Imagens da Globo Foto: Divulgação

O setor de mídia no Brasil continua a ser um dos maiores beneficiários de isenções fiscais, com destaque para o Grupo Globo, que lidera o ranking com a renúncia de R$ 173 milhões em 2024. Esses dados revelam o impacto bilionário da desoneração da folha de pagamentos, um mecanismo criado para reduzir custos trabalhistas e incentivar a formalização do emprego, mas que também gera polêmica quanto à concentração dos benefícios em grandes empresas.

De acordo com dados divulgados pela Receita Federal, entre janeiro e agosto de 2024, as empresas de mídia deixaram de pagar R$ 484,8 milhões ao INSS devido a isenções fiscais. O Grupo Globo, sozinho, representou 35,74% desse total. Outras grandes empresas como a TV Record e o Grupo UOL-Folha também estão entre os principais beneficiários, com isenções de R$ 39,7 milhões e R$ 39,3 milhões, respectivamente. O SBT e o Grupo Estado completam a lista dos cinco maiores beneficiários, com valores significativos de isenção, que totalizam cerca de R$ 278 milhões para apenas cinco conglomerados de mídia.

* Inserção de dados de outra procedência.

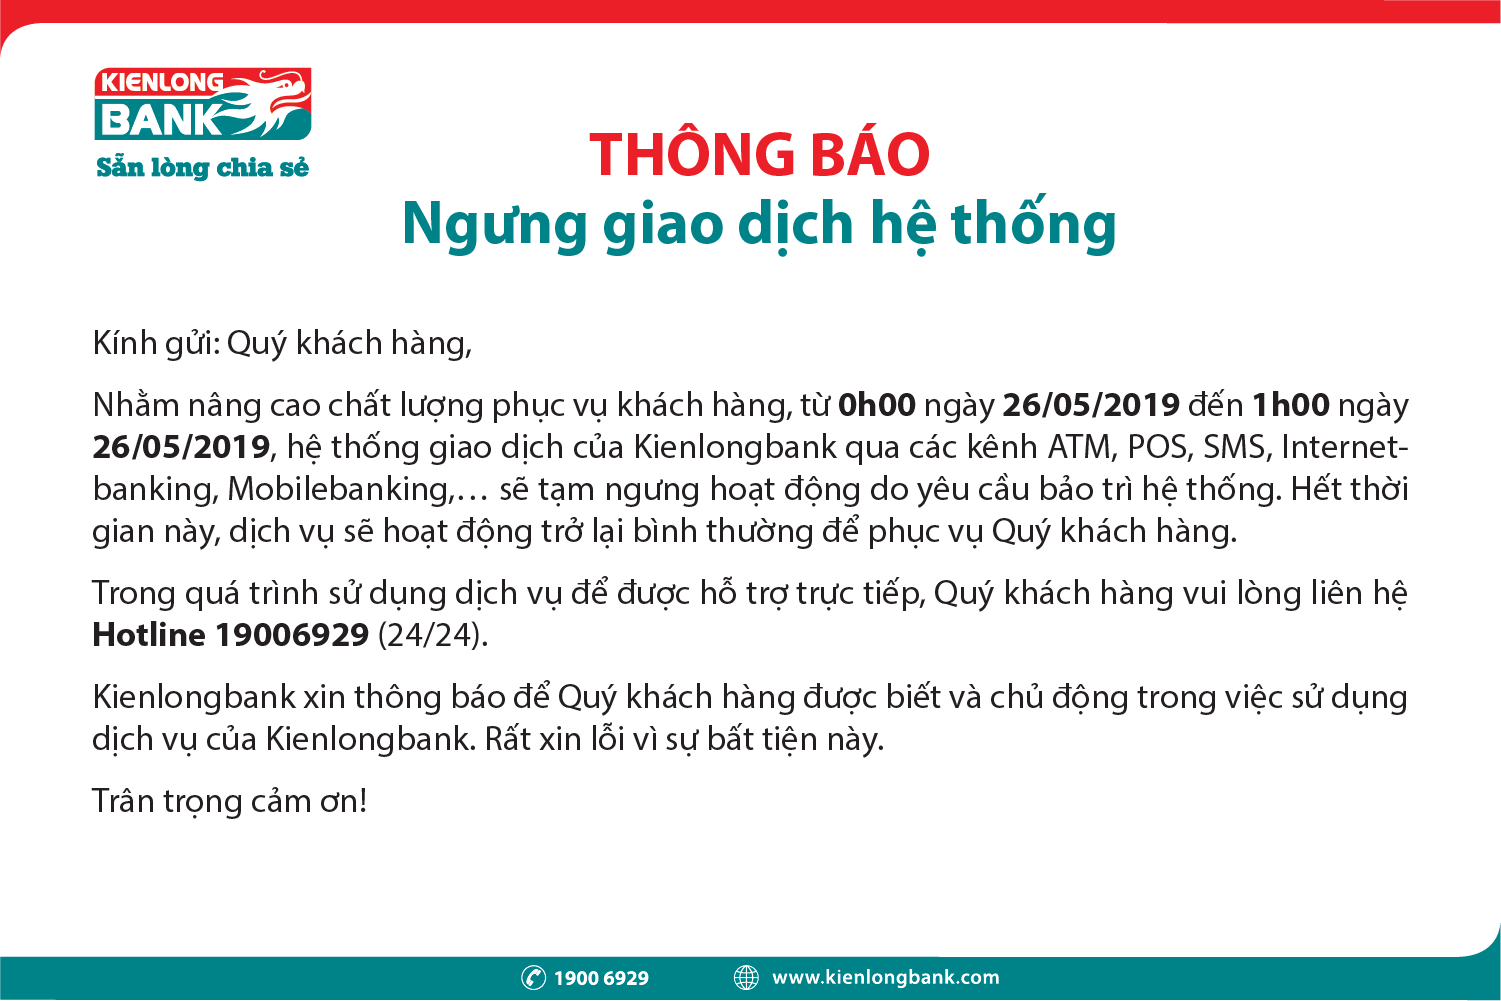 Thông báo tạm ngưng giao dịch hệ thống Kienlongbank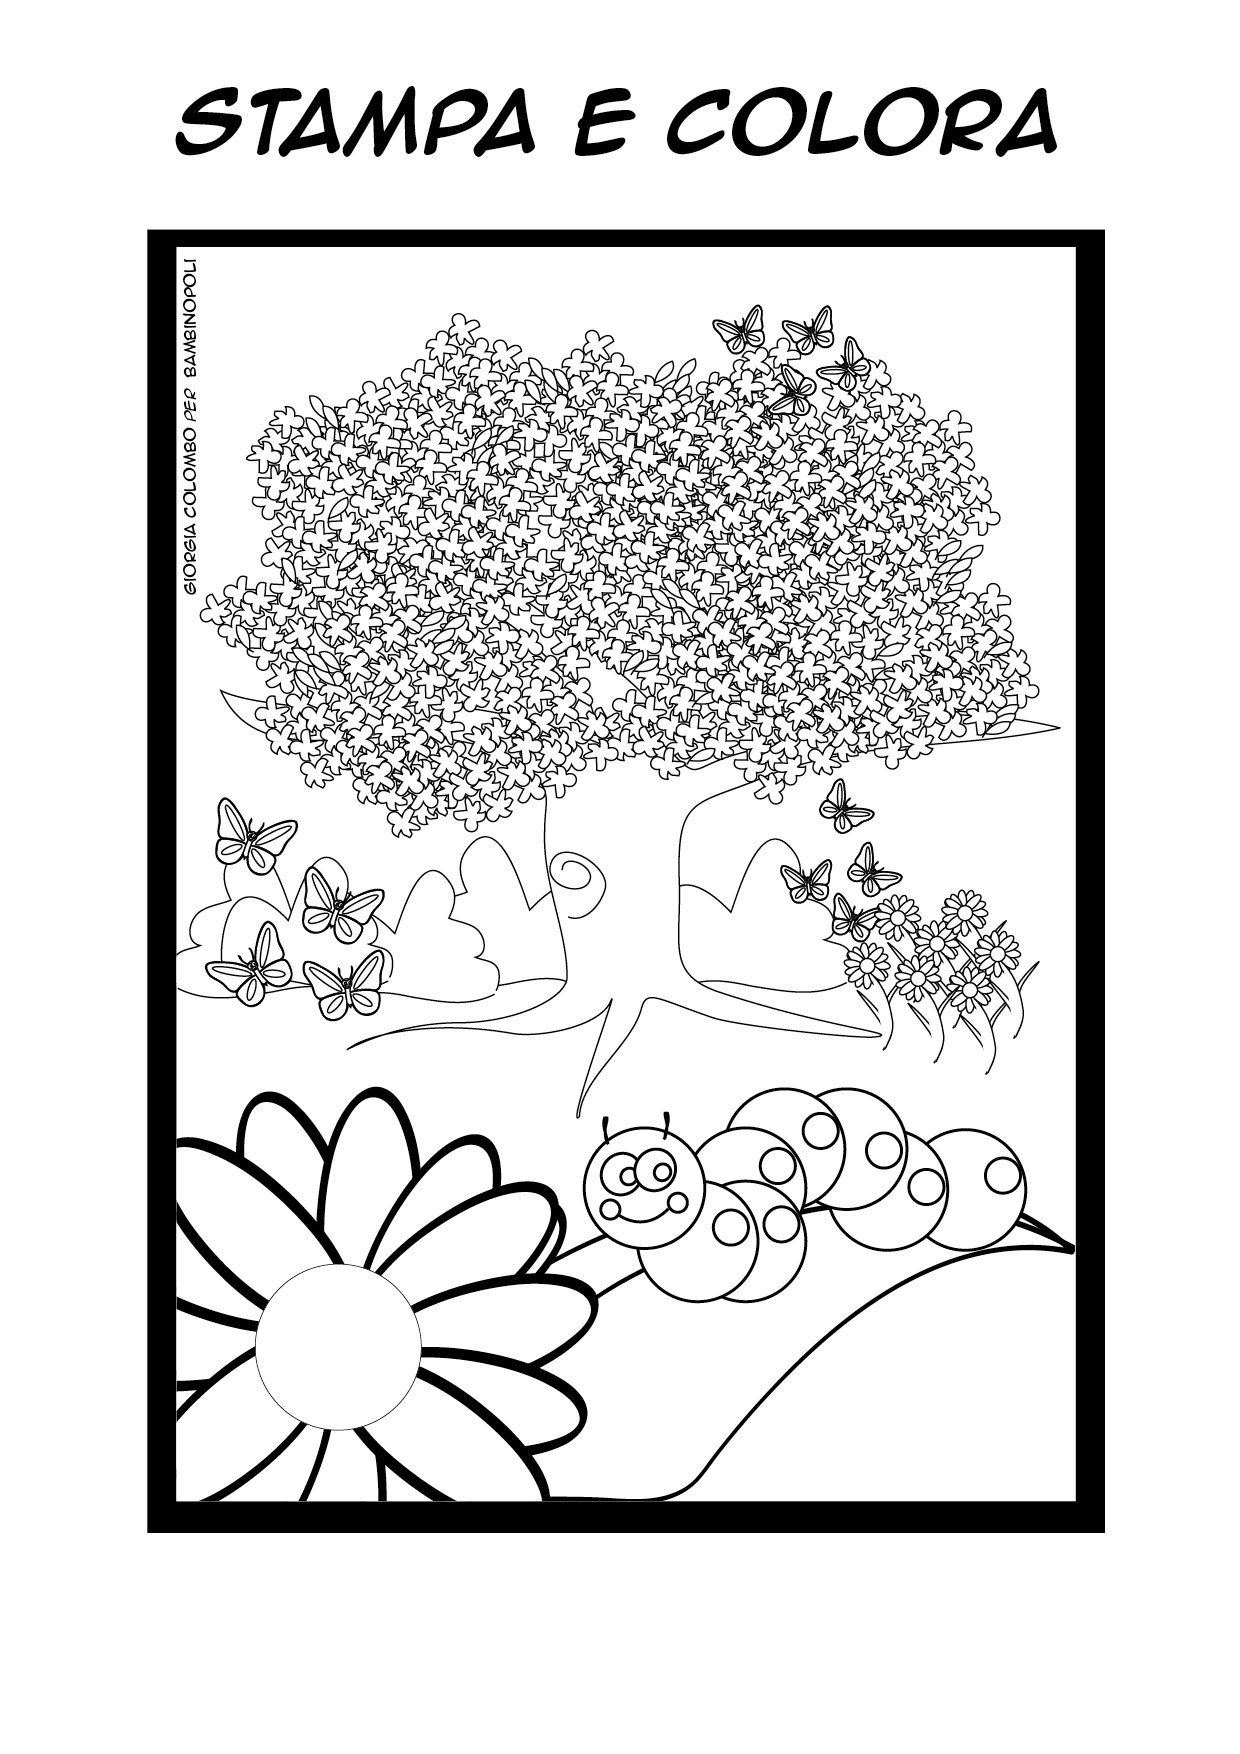 Clicca e stampa il disegno for Immagini sulla primavera da stampare e colorare

Esses números refletem a concentração de benefícios em um número reduzido de empresas, o que gera críticas por parte de defensores de uma distribuição mais equilibrada. A principal crítica é que enquanto gigantes da mídia desfrutam de isenções bilionárias, pequenos jornais e portais de notícias, muitas vezes com estruturas mais informais, não conseguem acessar esses benefícios, o que agrava as desigualdades no setor.

A desoneração fiscal foi instituída pela Lei 12.546 em 2011, durante o governo Dilma Rousseff, com a intenção de estimular o emprego e reduzir os custos trabalhistas. Desde então, 13 alterações legais moldaram essa política, que termina gradualmente em 2027. O governo alega que, embora a medida tenha sido importante para proteger empregos em setores estratégicos, ela gerou uma queda significativa na arrecadação do INSS, o que preocupa especialistas sobre o impacto na sustentabilidade da Previdência Social.

Com a previsão de término do benefício em 2027, o governo federal se prepara para revisar sua política fiscal. A decisão de acabar com as isenções fiscais está sendo debatida, e setores como o de mídia já pressionam por alternativas para preservar os empregos formais, sem comprometer ainda mais a arrecadação pública. O futuro da desoneração será um dos principais desafios econômicos do país nos próximos anos.